WORK INSTRUCTION:
Give back, unaltered, the lines from the one with "Swift Corner Sofa Bed, mustard - image 1" to the end of the material, omitting pictures.

SUPPLIED MATERIAL:

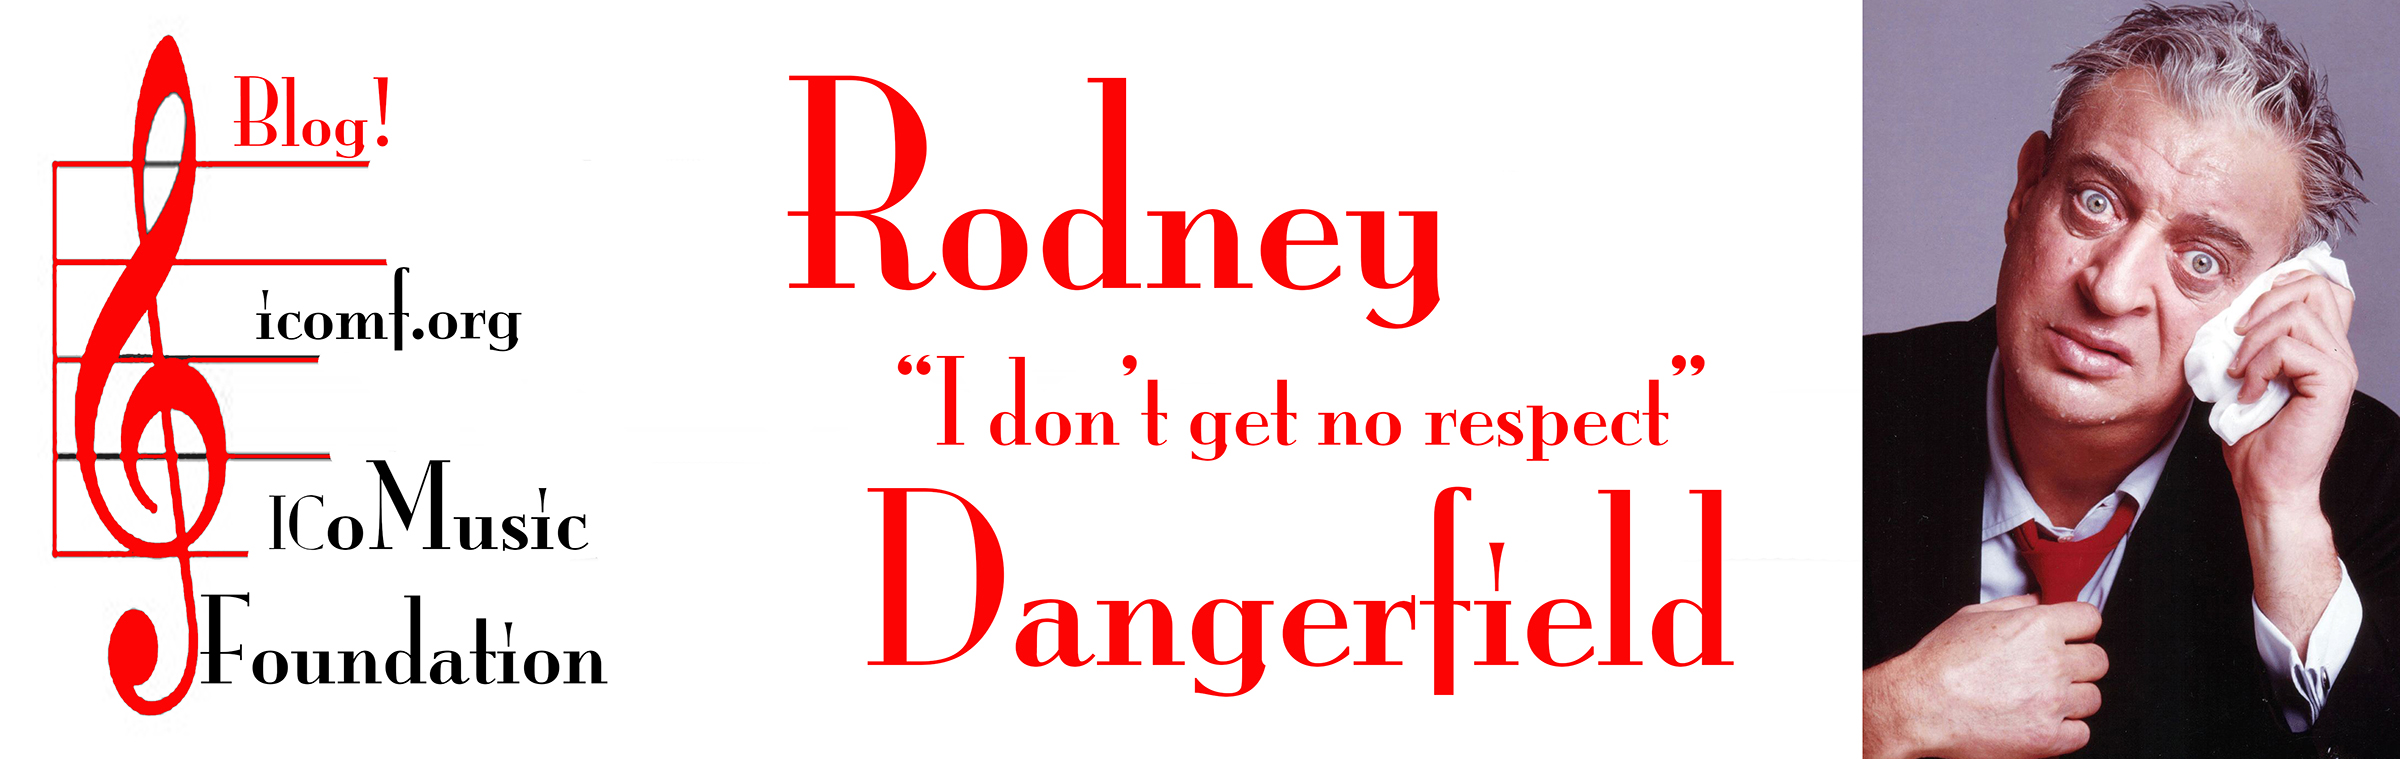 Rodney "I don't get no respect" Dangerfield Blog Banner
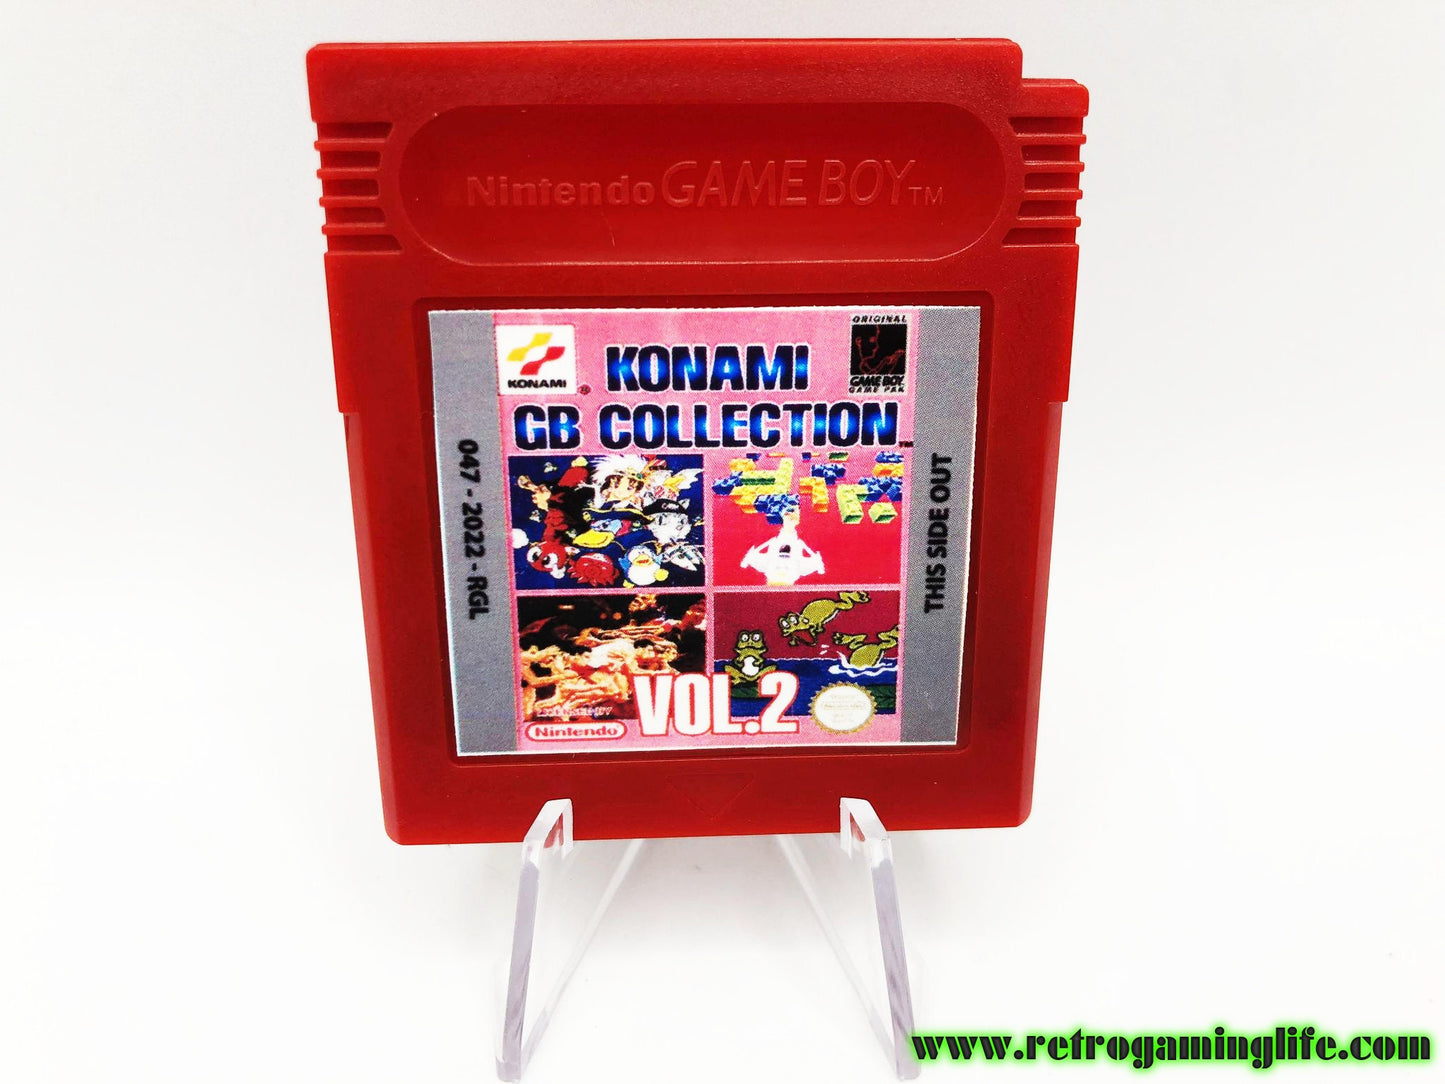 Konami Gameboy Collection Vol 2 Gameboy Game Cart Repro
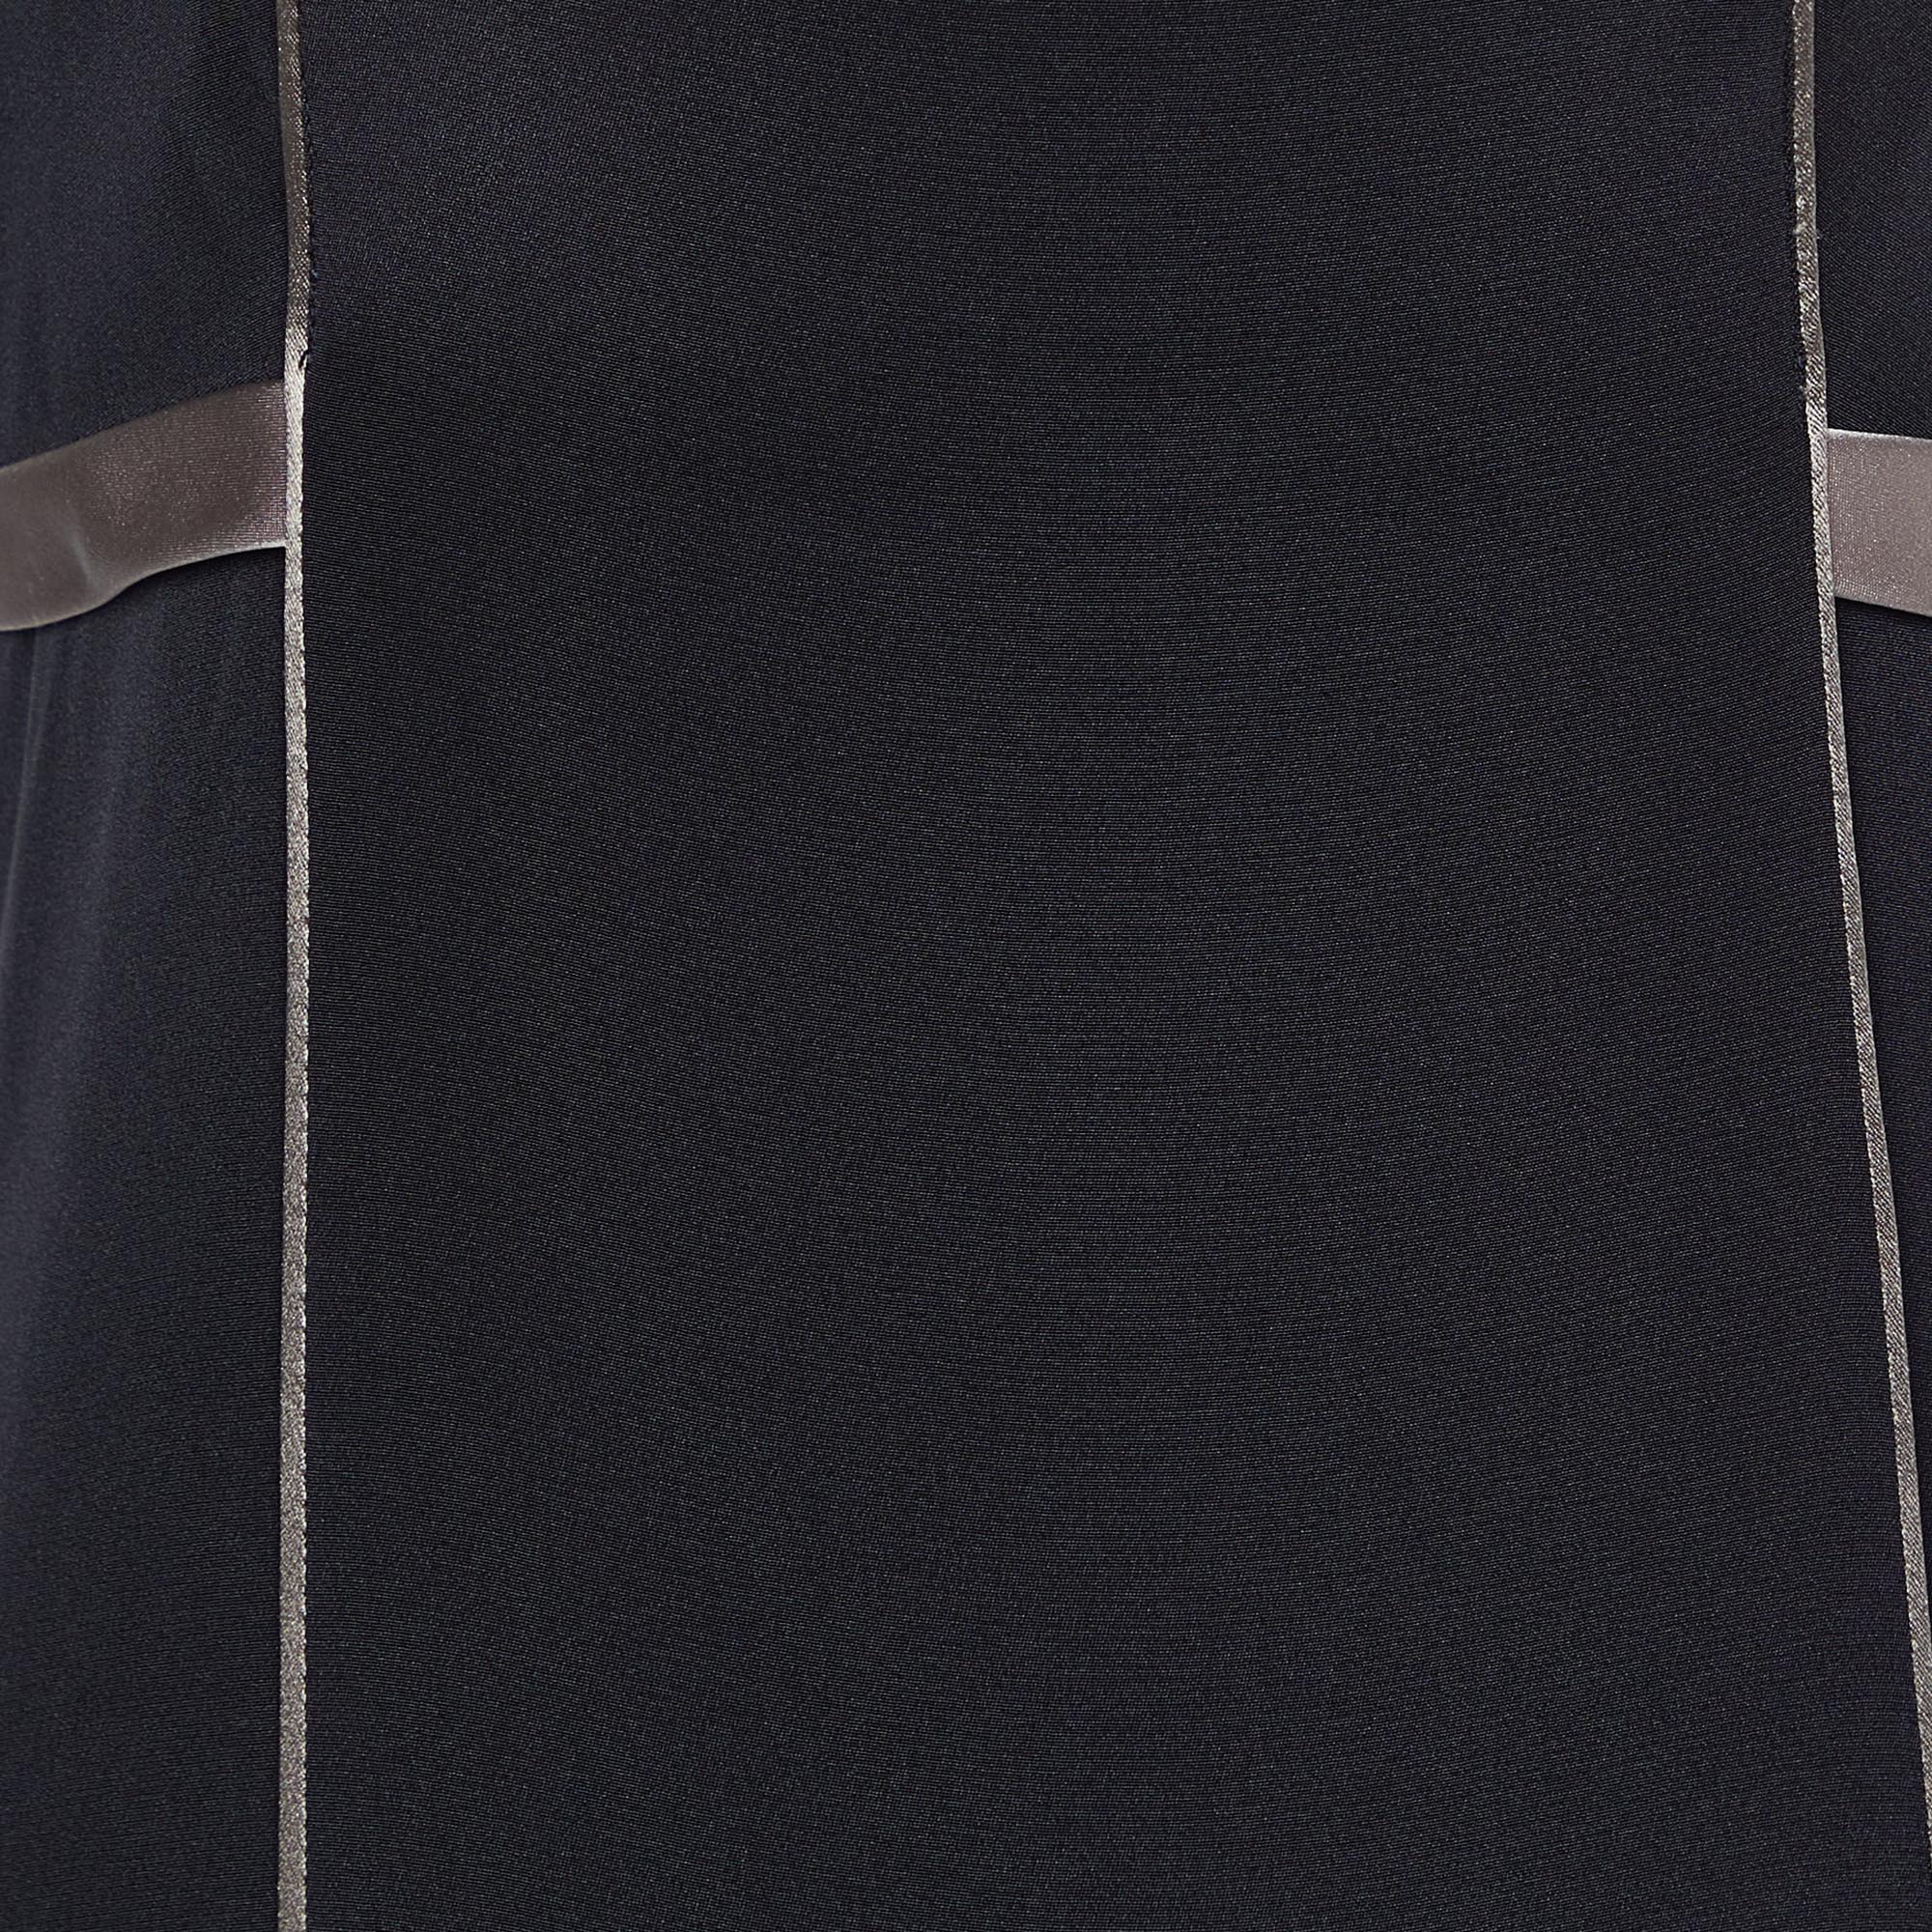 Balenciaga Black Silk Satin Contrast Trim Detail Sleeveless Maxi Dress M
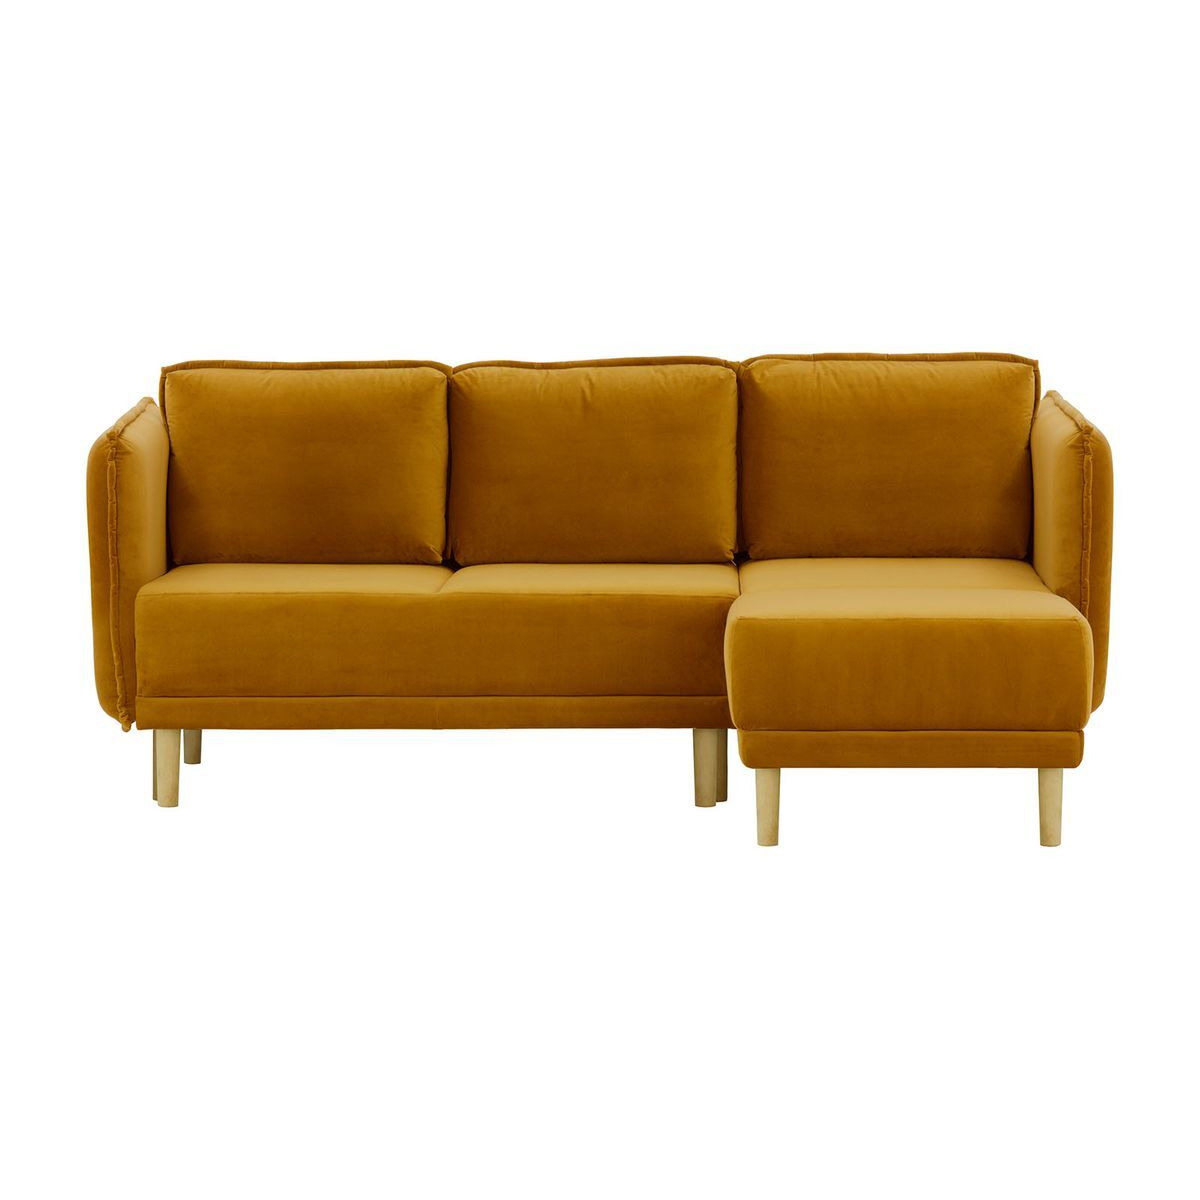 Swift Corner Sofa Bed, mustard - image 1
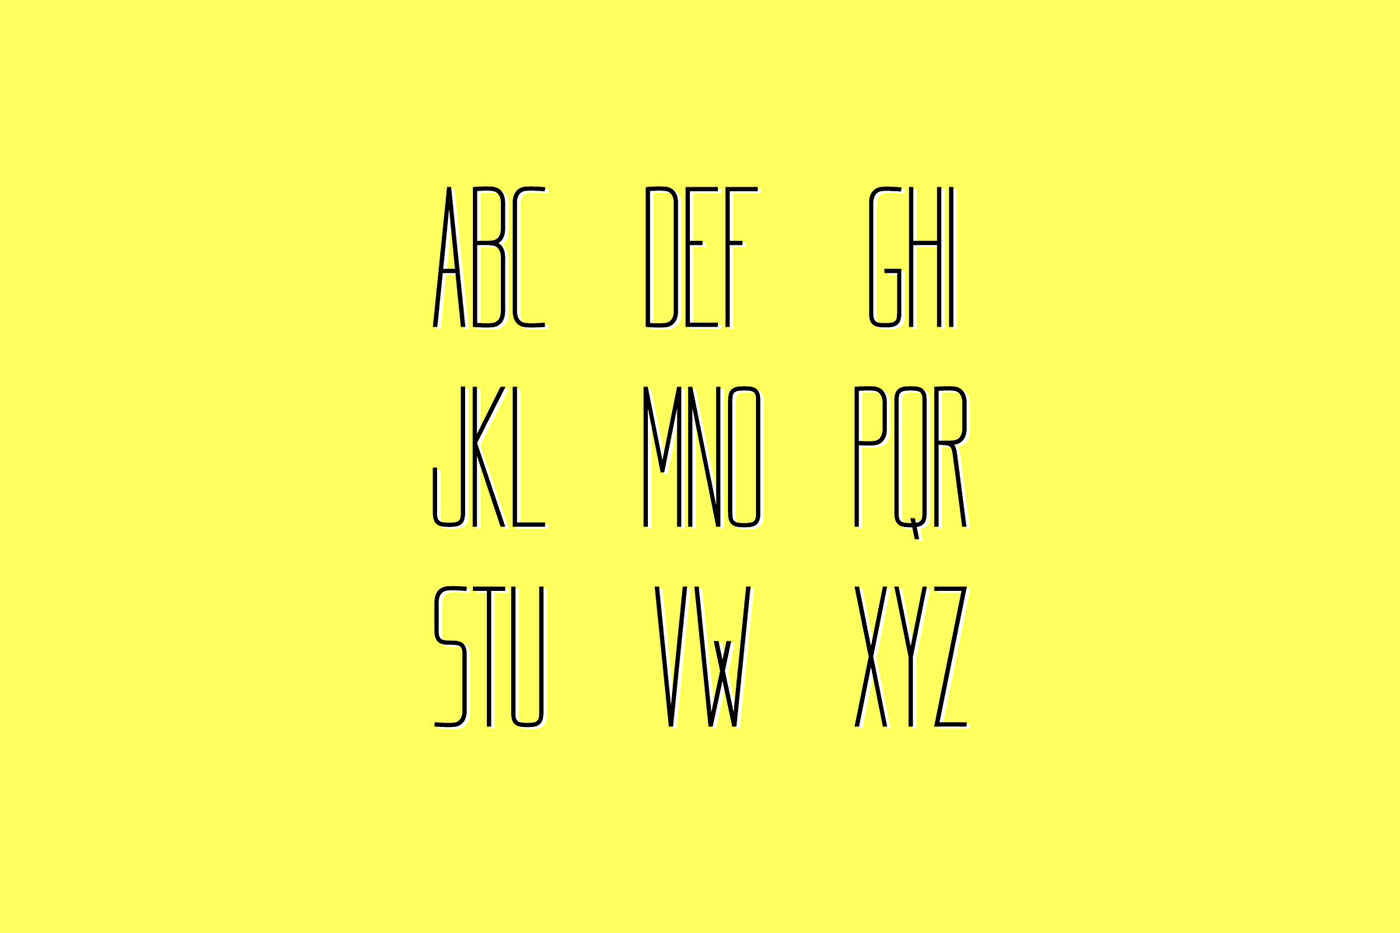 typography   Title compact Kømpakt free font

ANSWER SECTION:
 Swift Corner Sofa Bed, mustard - image 1
 typography   Title compact Kømpakt free font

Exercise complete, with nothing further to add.